Текст книги "Дорога домой"


  • Текст добавлен: 2 апреля 2018, 14:00


Автор книги: Андрей Бинев


Жанр: Современная русская литература, Современная проза


Возрастные ограничения: +16

сообщить о неприемлемом содержимом

Текущая страница: 8 (всего у книги 30 страниц) [доступный отрывок для чтения: 10 страниц]

Шрифт:
- 100% +

Глава 14

Владимиру Викторовичу Ведомственному «на орехи», как выражался по такому поводу генерал армии Крюков, на этот раз не досталось. Возможно, потому что Крюков даже не помнил, какой из Ведомственных «сопровождал» председателя правительства, и если бы не коварный Багдасаров, то и не узнал бы. Словом, Ведомственному необыкновенно повезло.

– Подфартило! – сказал он жене, когда вернулся в Москву. – Иначе бы так дали по заднице, что летел бы кверху очком к ядреной мамке! К тебе то есть, мать!

– Ты и прилетел, охальник! – ответила Марина Ильинична, давно привыкшая к особому лексикону мужа.

– Так я прилетел, как водится, в силах, так сказать. А то бы, знаешь, как!

– Нечего водку с пивом пить со всякими! Я тебе сколько раз говорила! – начала заводиться Марина Ильинична. – И сыну с дочерью пример какой!

– А какой? – развел руками Ведомственный. – Хороший пример! Батя выпил, дело сделал, да еще и задницу свою сберег! Чем не пример?

– Это-то всё так, Вовчик! – Марина Ильинична прильнула к мужу (разговор происходил в постели, поздно ночью). – А все же надо быть осторожней! Враги кругом! Жуть!

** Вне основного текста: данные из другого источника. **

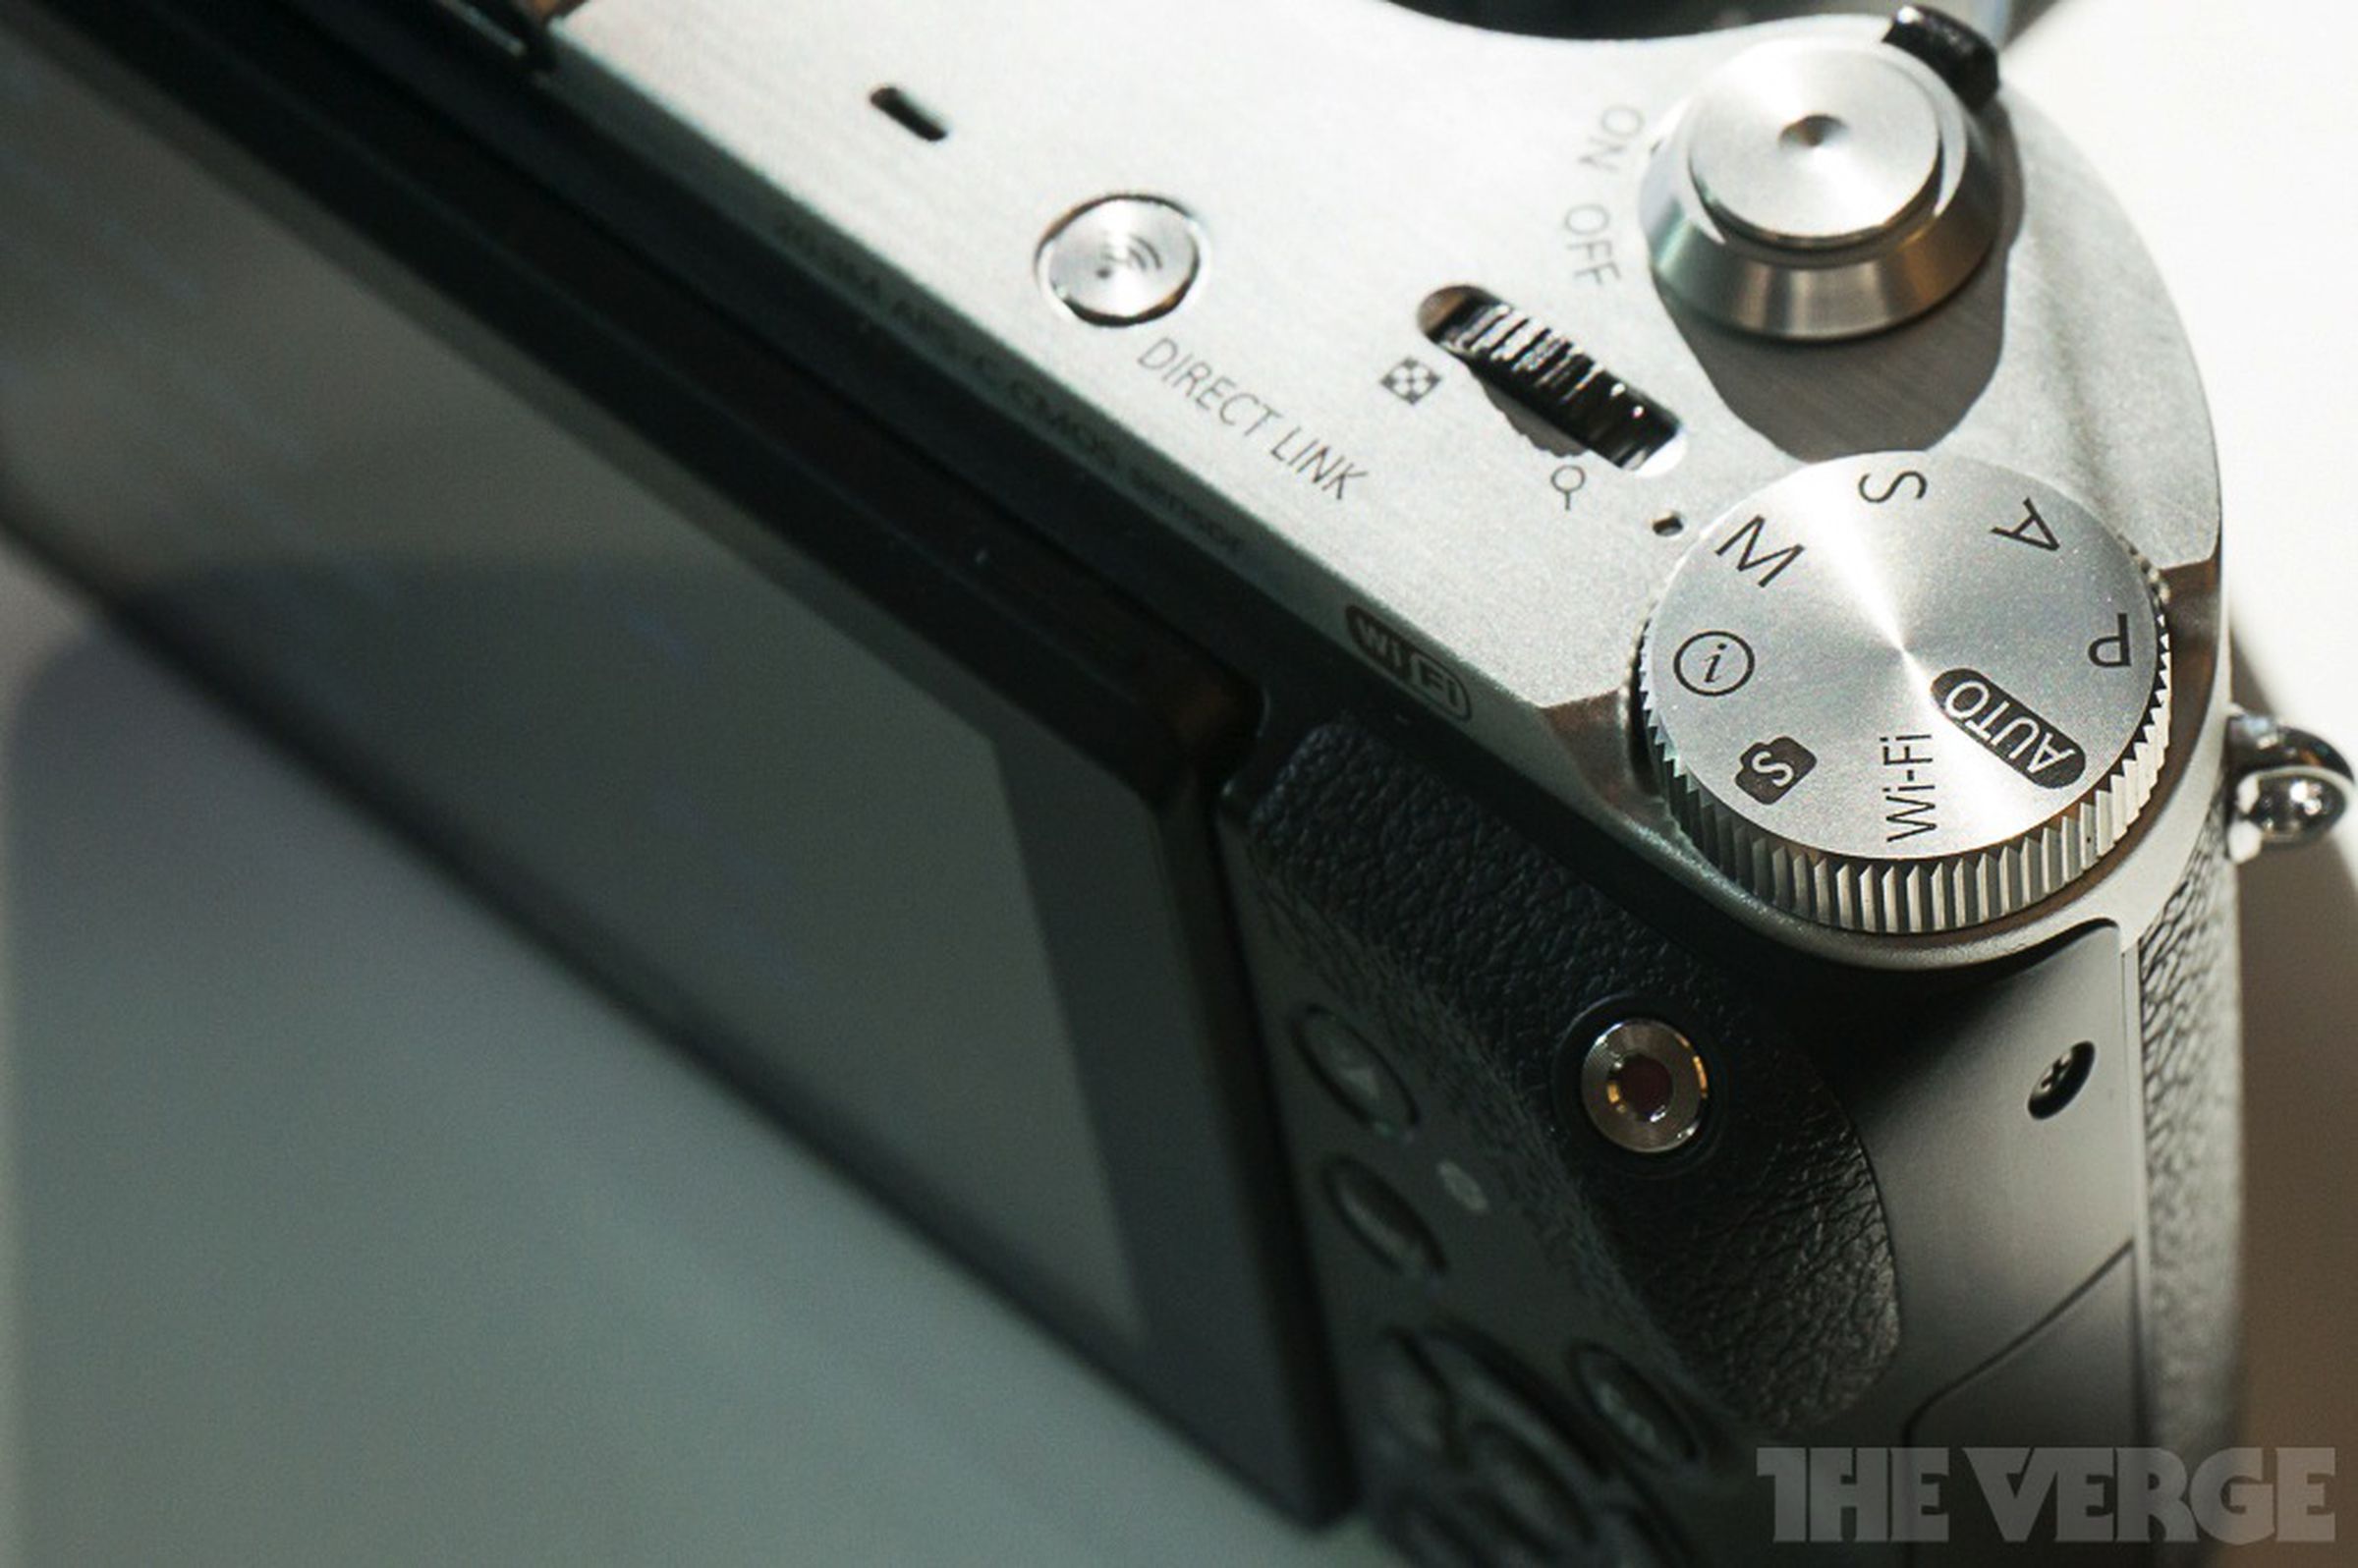 Samsung NX300 mirrorless camera hands-on photos

– Верно, Маришка! – ласково обнял за полные плечи свою Маришку Вовчик. – Но дело сделано! Водку с пивом со мной пил большой человек, хоть в звании и ниже меня! А так мне до него, знаешь как высоко? О-го-го!

– Это как это? – приподняла голову Марина Ильинична и в темноте ее глаза засветились не то любовью, не то любопытством.

– А вот так! – задумчиво ответил Вовчик и запустил другую руку под одеяло. – Верные люди сказали: у этого Лешки Гулякина впереди большое и долгое будущее. Кто с ним, тот в дамках, а кто – против, того, считай, уж нет в природе. Так что, мать, риск был с моей стороны вполне оправдан. Судьба возблагодарит! К тому же, подумаешь, нажрались, дебош учинили! Да и не дебош вовсе, а так, погуляли маленько! И всё!

Кареглазая Марина Ильинична была пышнозадой дамочкой с маленькой, коротко стриженой головкой и полным, но довольно компактным телом, словно надутая подушечка или хорошо упитанная молодая свинка. Она будила у мужчин, прямо скажем, нехорошие мысли – была столь аппетитна в прямом смысле этого слова, что ее хотелось зажарить и съесть с хреном. Хорошо еще, что у своего мужа она все-таки возбуждала иные, не только гастрономические, ощущения (о вкусах, как говорится, не поспоришь), и поэтому у них было двое детей.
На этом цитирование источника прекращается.